Can you give an example? I'm puzzled because I expect C++ to warn
if I use a type-safe API incorrectly, even if it's supplied by a
"system" header. For instance,
  std::memset(1,2,3,"hello world);
ought to be diagnosed, even though std::memset()'s header is
already a gcc system header.

Or are you thinking of violations of a macro's "API"? This
  TWO_ARGUMENT_MACRO("unacceptable", "arguments")
isn't type-safe, but...well...is there a concrete example where
the '-isystem' treatment would prevent diagnosing a real error?

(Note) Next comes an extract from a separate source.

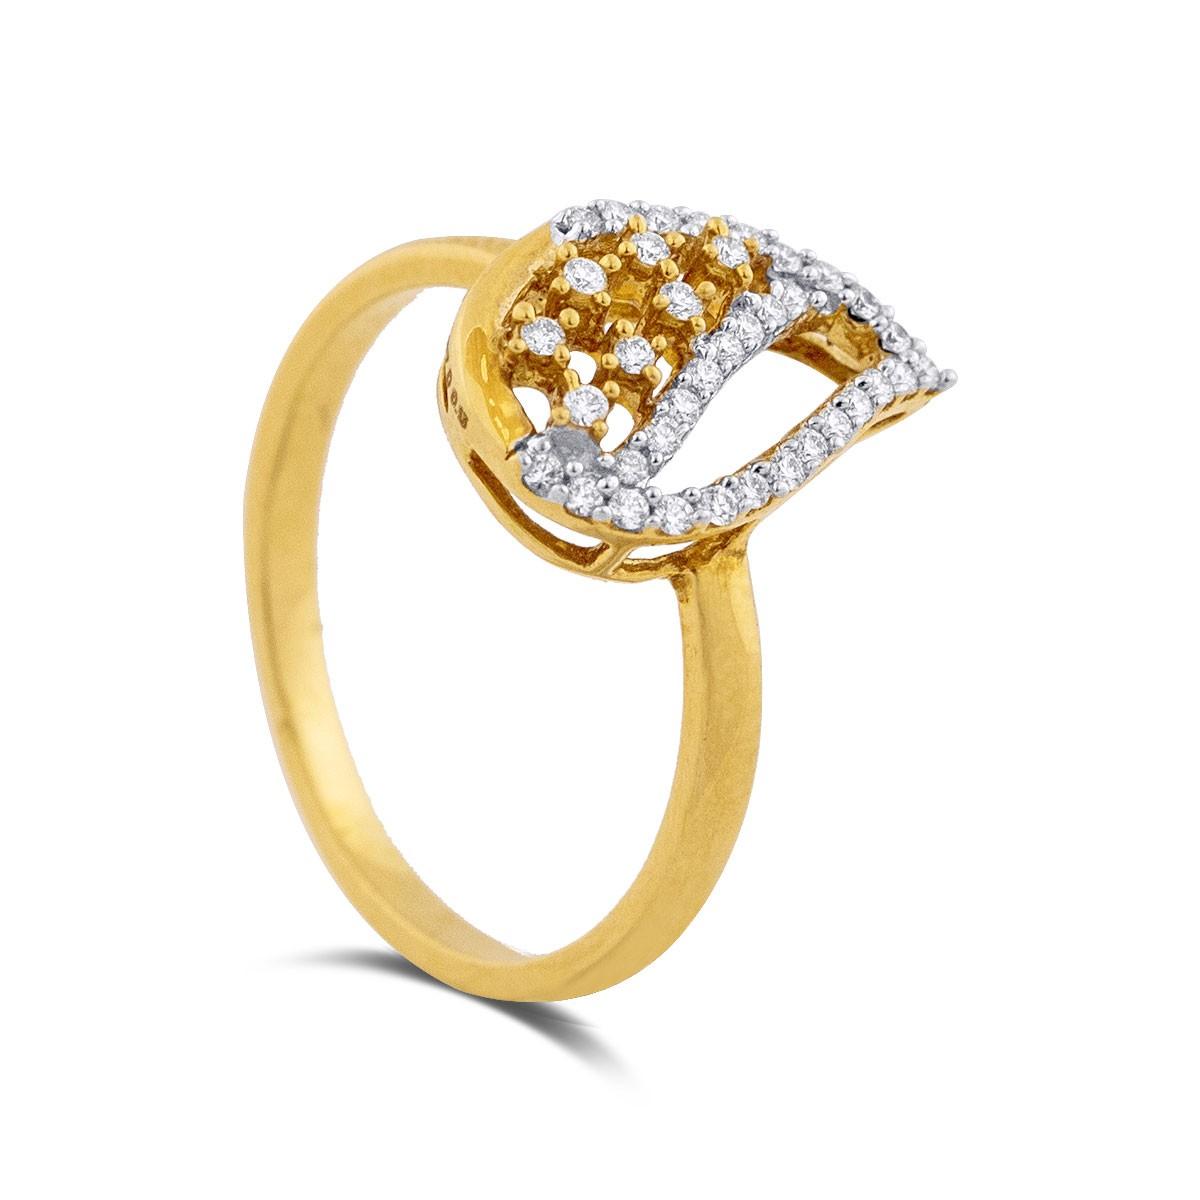 Tanya Yellow Gold Diamond Ring

Or are you thinking of internal-consistency violations in a
third-party library, which I'd argue it's not the library user's
job to find? (For a reasonable library like wx, we could build
with the move-one-line patch above, periodically; for ancient
libraries, what would be the point?)

> GC> Anyway, my plan is to continue pursuing the '-isystem' method, and
> GC> then go back later and consider whether there's a better way.
> 
>  I think using pragmas is a better way if we can solve the problem with the
> macros as proposed above.

A pragma solves a specific problem in a specific way; no other
method can match its specificity. But pragmata are ugly; over
time, they can become difficult to maintain; and, worst of all,
they breed. The counterpoint is that
 - library errors should be fixed in the library, rather than
   worked around in every application that uses it; and,
   failing that,
 - '-isystem' is a terse, general solution when all we want to
   do is to exclude warnings about library issues from the
   output resulting from application builds.